Set the data down again, exactly as it reads, but without the pictures.

*** Raw data ***

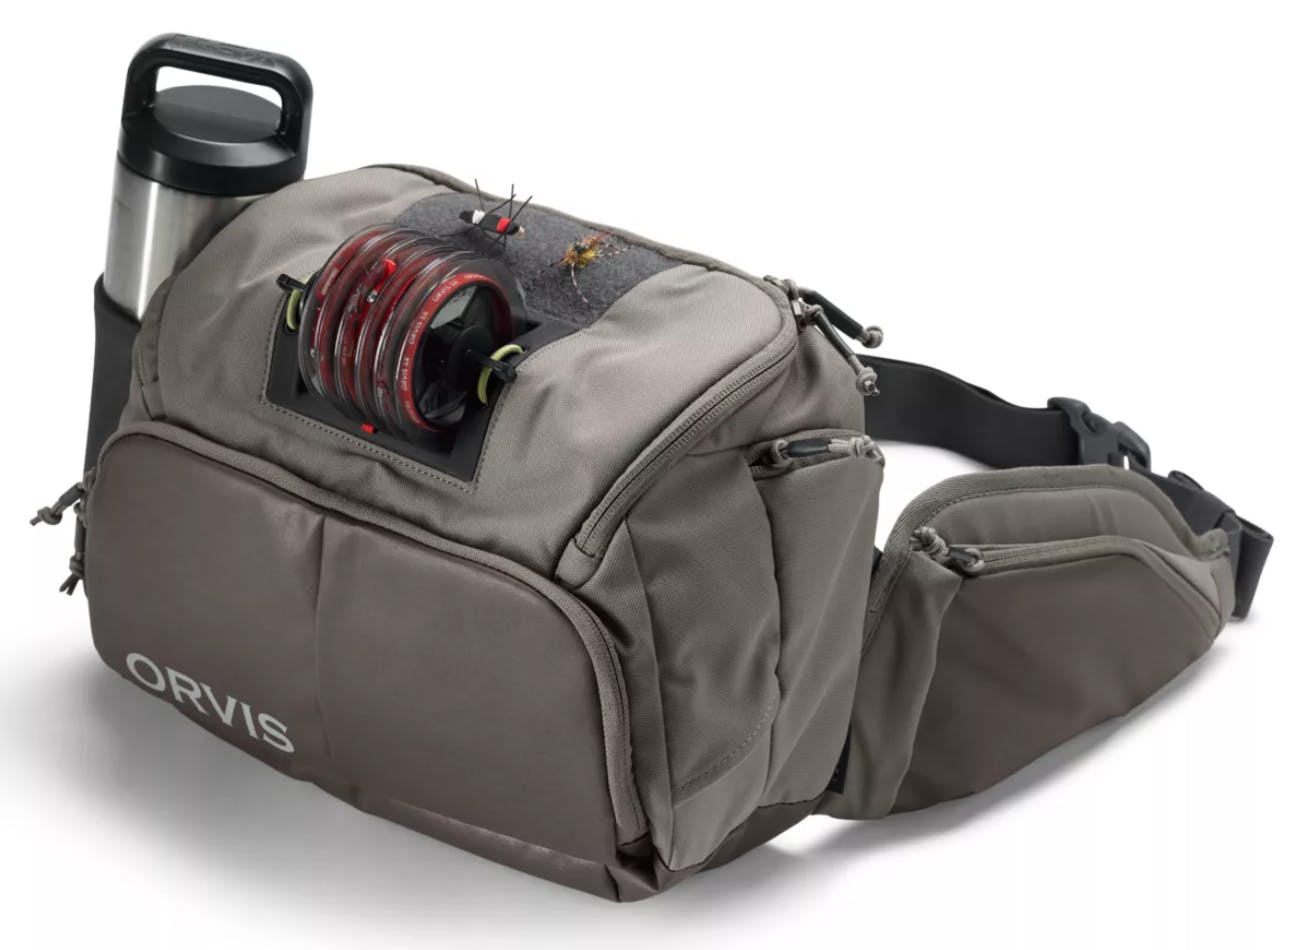 Product image of the Orvis Guide Hip Pack.
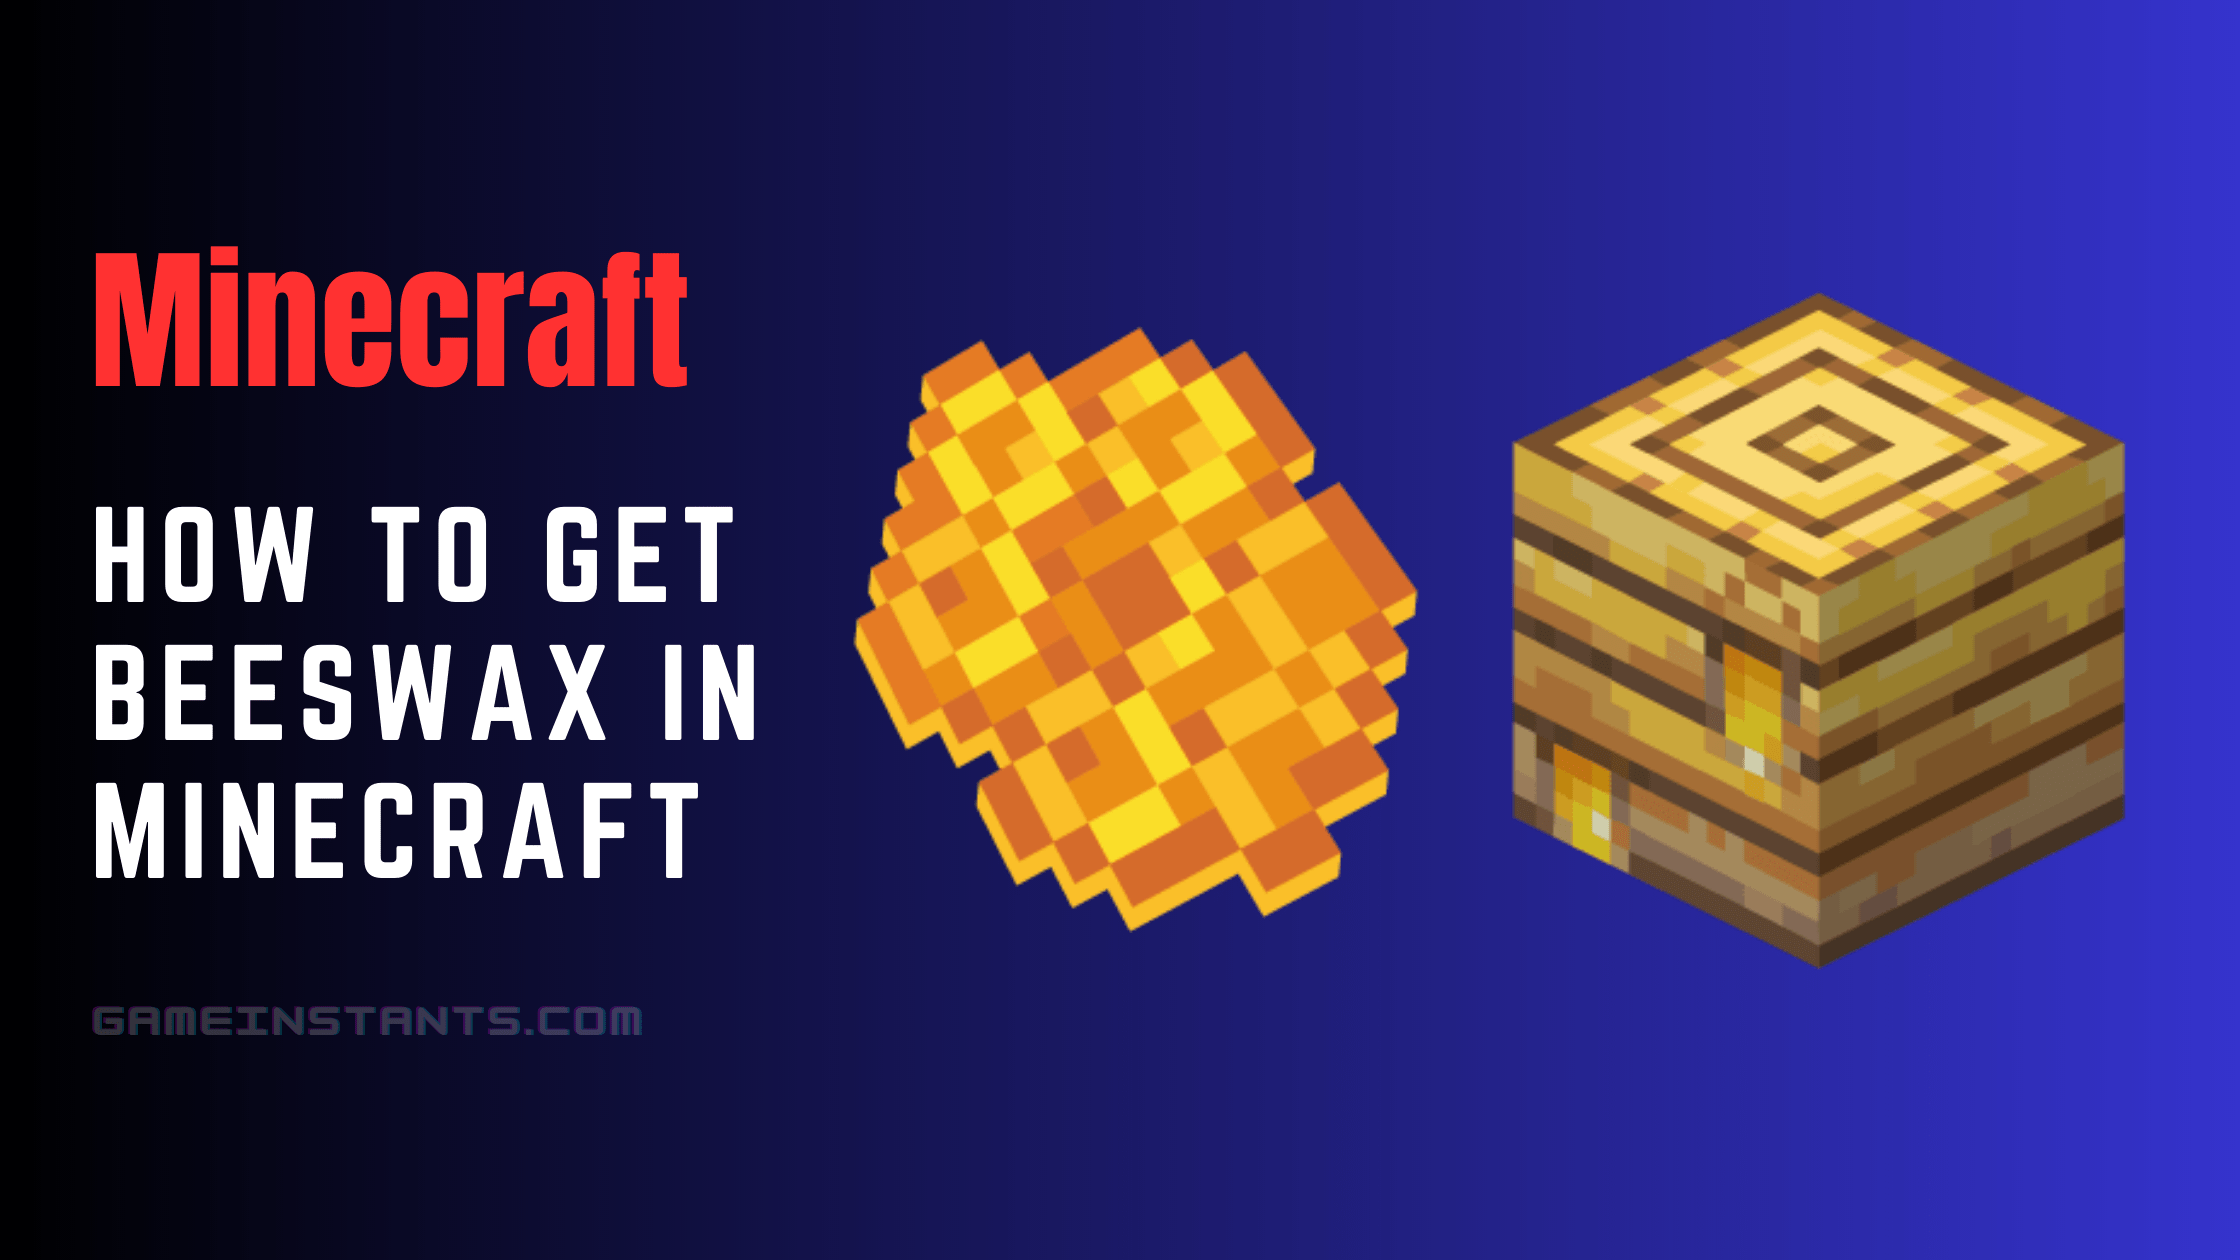 How To Get Beeswax in Minecraft
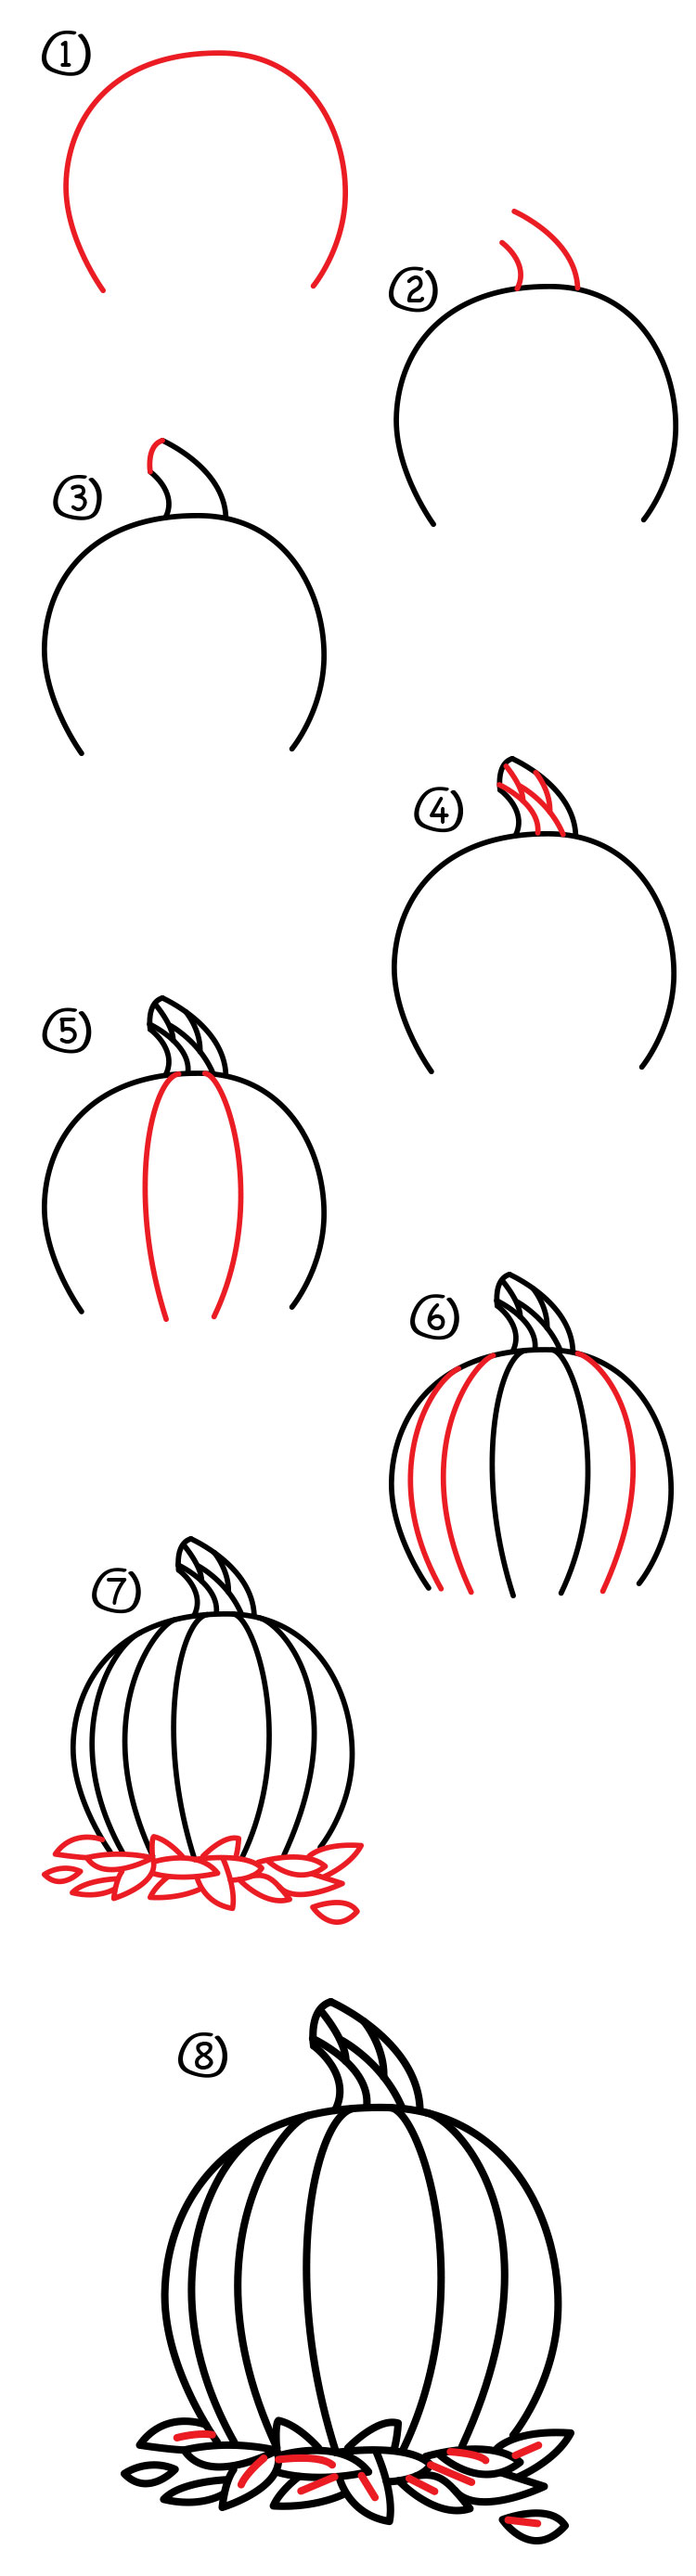 How To Draw A Pumpkin For Thanksgiving

***

** Exercise output **
 Product image of the Orvis Guide Hip Pack.
 How To Get Beeswax in Minecraft
 How To Draw A Pumpkin For Thanksgiving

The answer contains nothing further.